To add onto it, she was basically picked because the other potential candidate was a little too good at being a politician, and campaigned for the position without Beijing’s blessing.
Best of luck to the HK people. I called it home for better part of 2 years. I lived in Wan Chai on Hennessy rd near the computer center.
Plenty of atrocities committed - people being shipped off in train cars reminiscent of pre-WWII photos that I have only learned about in school.
Best wishes.
[EDIT]
I agree I should have said alleged atrocities. Sadly, hardly anyone left in HK is impartial but hopefully independent enough investigations are opened.
It is not a good look loading anyone in trains who is captive. True, we don't know where they're headed, could be fine - it's a bad look given the situation.
"people being shipped off in train cars reminiscent of pre-WWII photos that I have only learned about in school."
There is absolutely no corroborated evidence whatsoever that this happened. Just like the alleged rapes. I'm not saying that these things did not happen, but absolutely no credible evidence on these claims up until now.

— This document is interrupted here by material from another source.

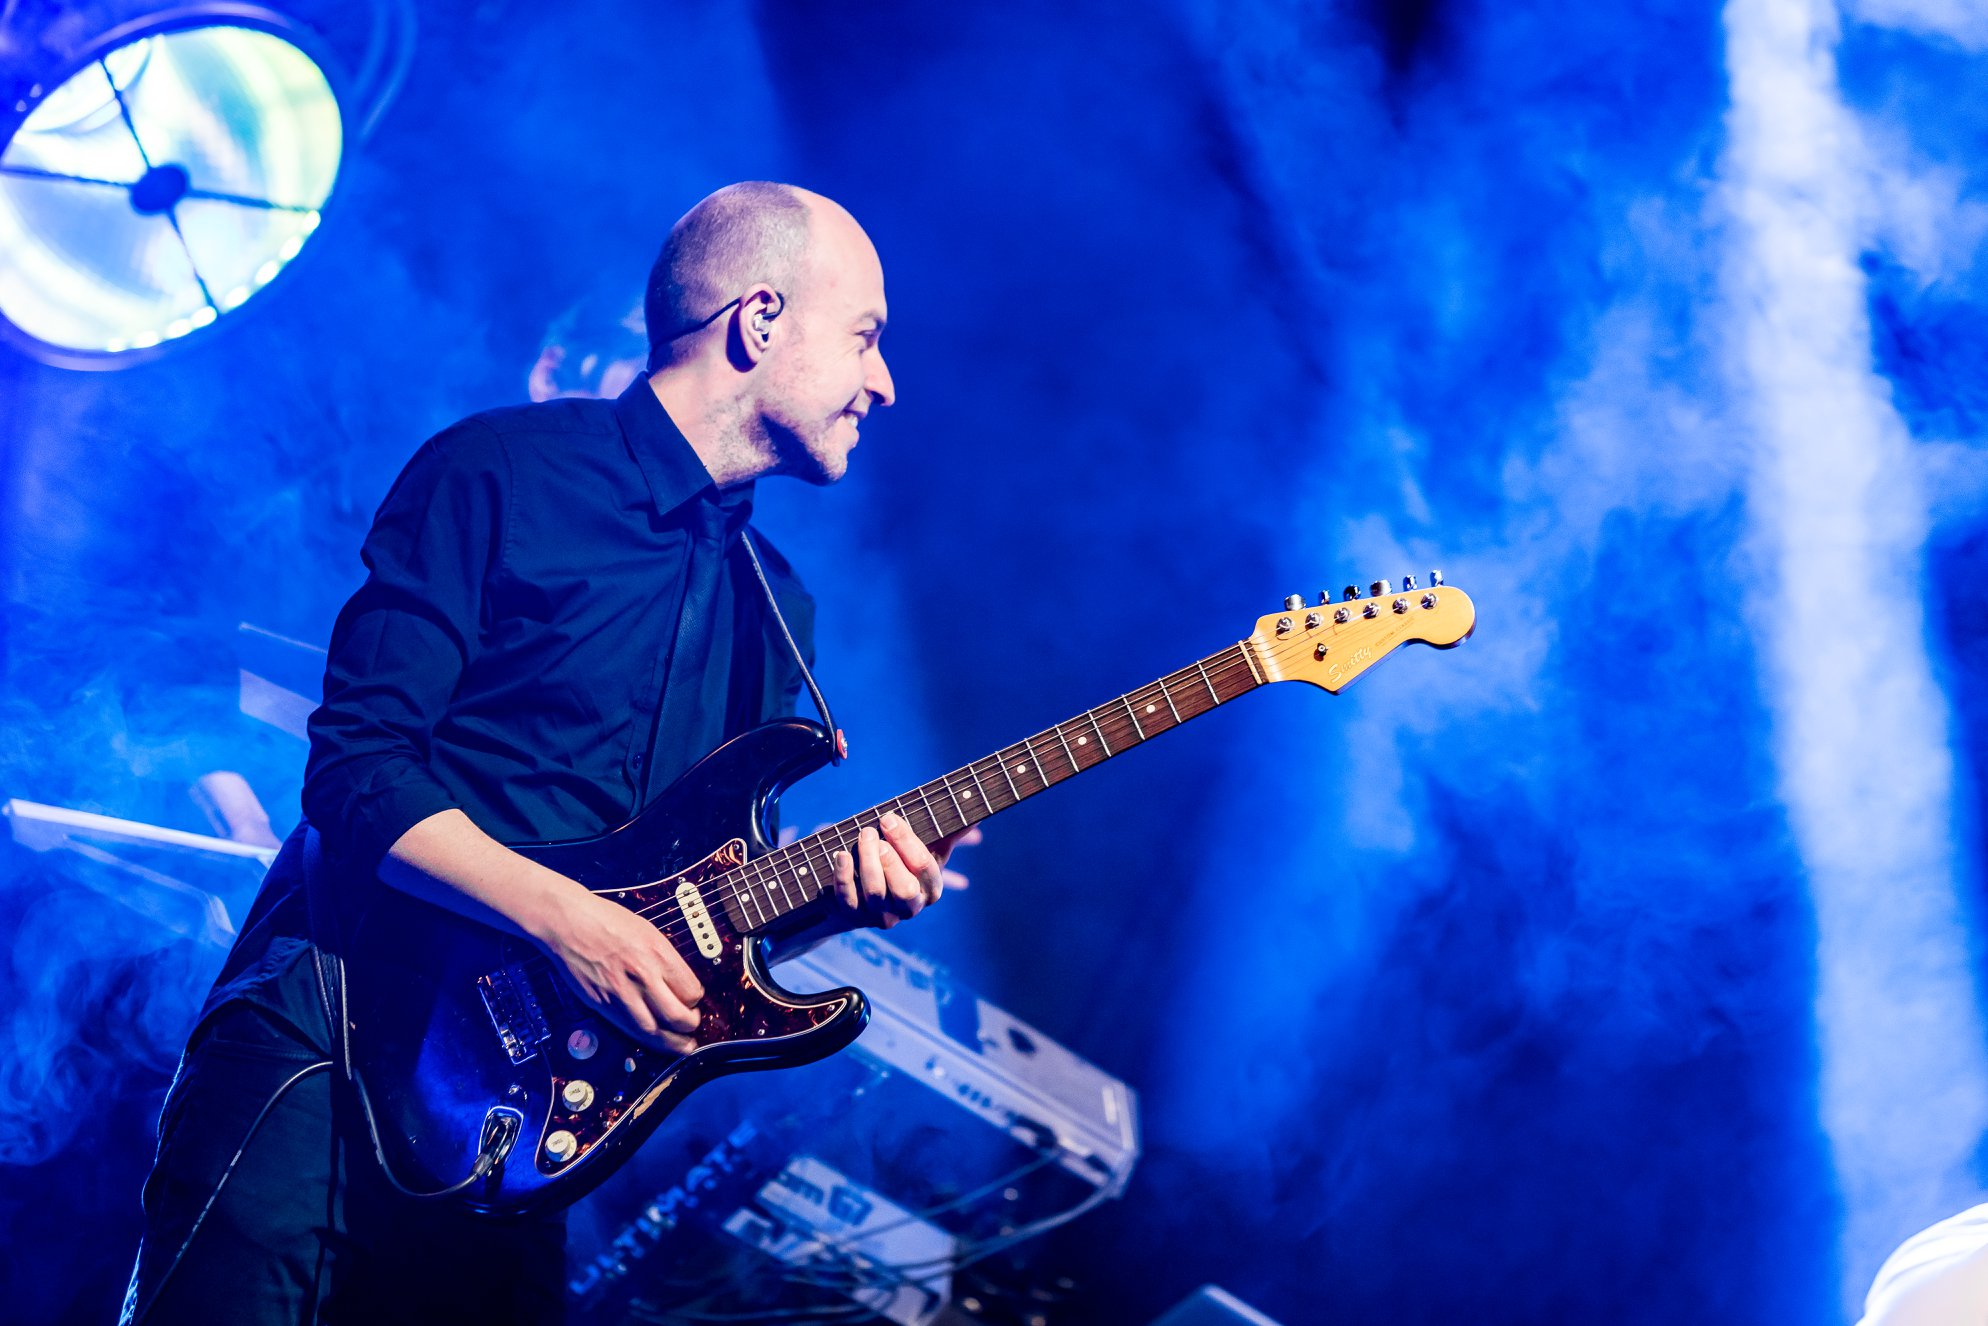 Gitarist coverband ACT ON DEMAND - Niels van der Steenhoven

There is video and photo evidence from multiple sources on Twitter. There have been extensive reports of victims like British consulate worker Simon Cheng being abducted to the mainland and being tortured. Obviously there wont be any "corroboration" from the PRC state security agency or police...
"There have been extensive reports of victims like British consulate worker Simon Cheng being abducted to the mainland and being tortured."

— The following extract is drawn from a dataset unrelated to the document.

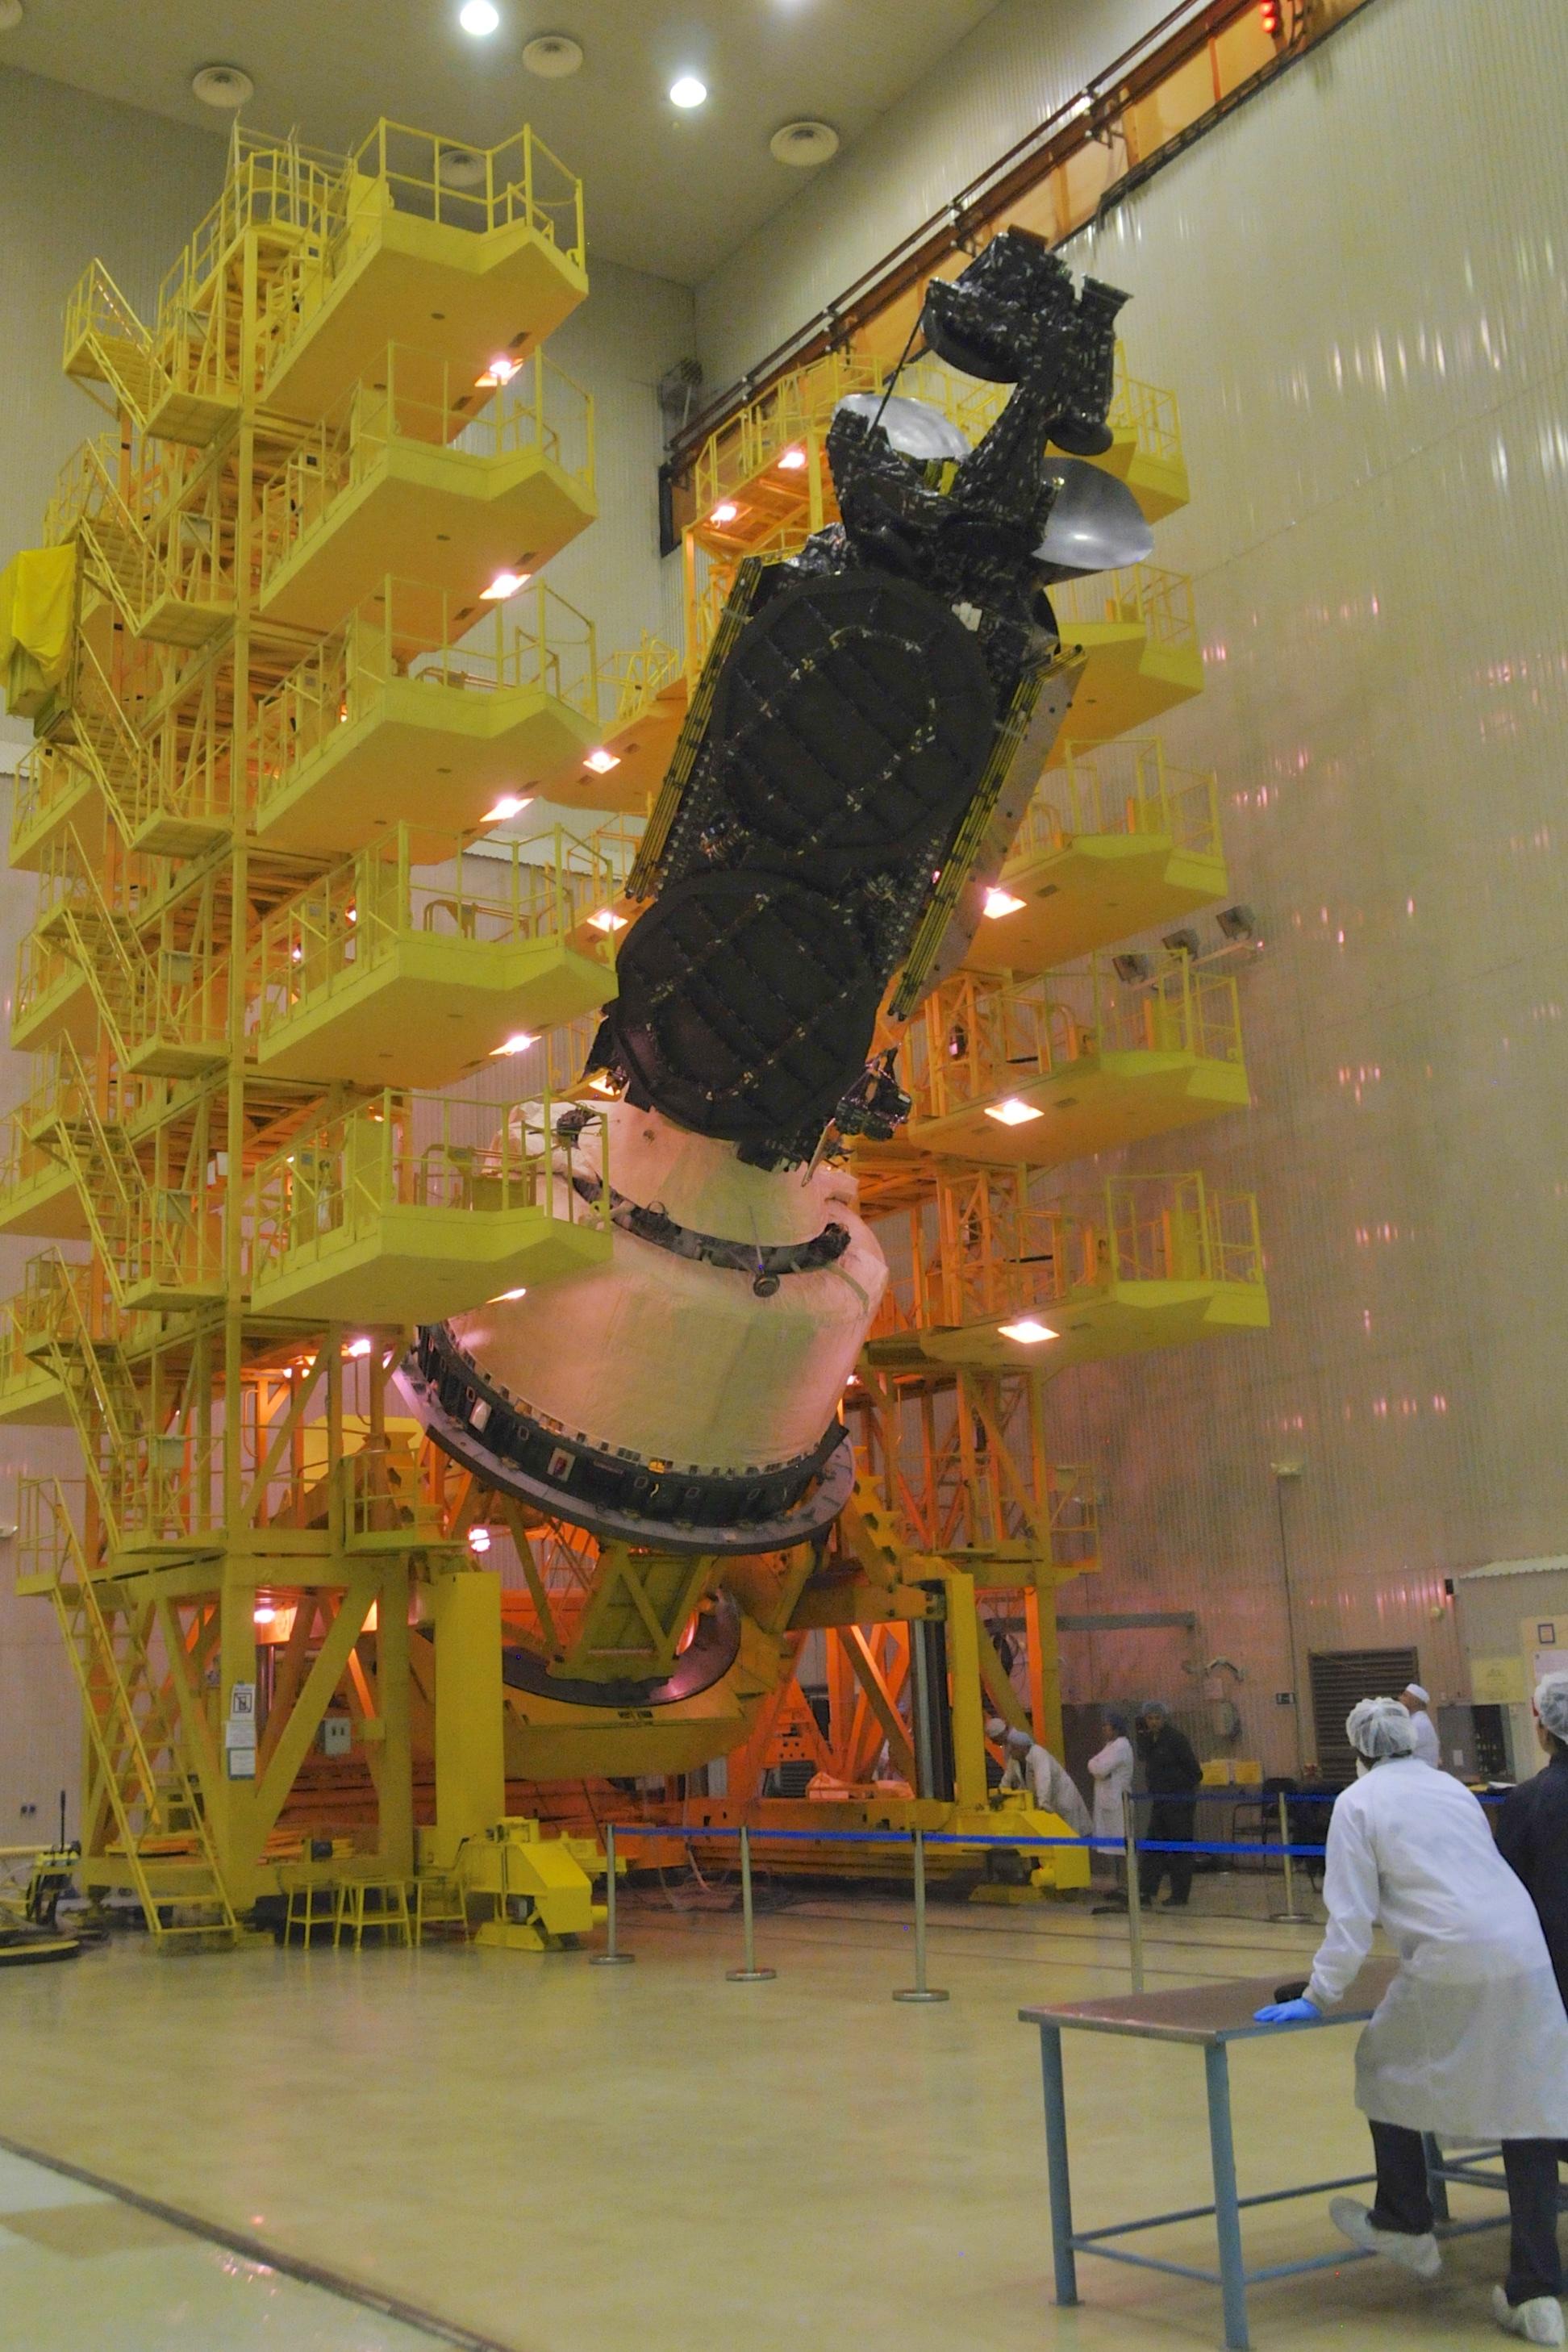 Lancement Proton-M / Intelsat-31 - 9 juin 2016 ISDLA-2-28-May-6

Did you even see his interview with the BBC? Legally would not say anything about his hiring of prostitutes. No medical evience of the torture he claimed. The only hard evidence that was provided were CCTV tapes of him going into local massage joint. You would think that if he didn't obtain the services of sex workers he would come out and say it. Interesting that the British also let him go.
I've seen those videos. You have to be kidding if that's sufficient evidence to say they are being shipped off to Chinese black camps. As for the alleged rapes - the evidence is even more lacking. The primary source used is a facebook account using a pseudonym who claims he's an emergency doctor who then says he "swears" that he's telling the truth.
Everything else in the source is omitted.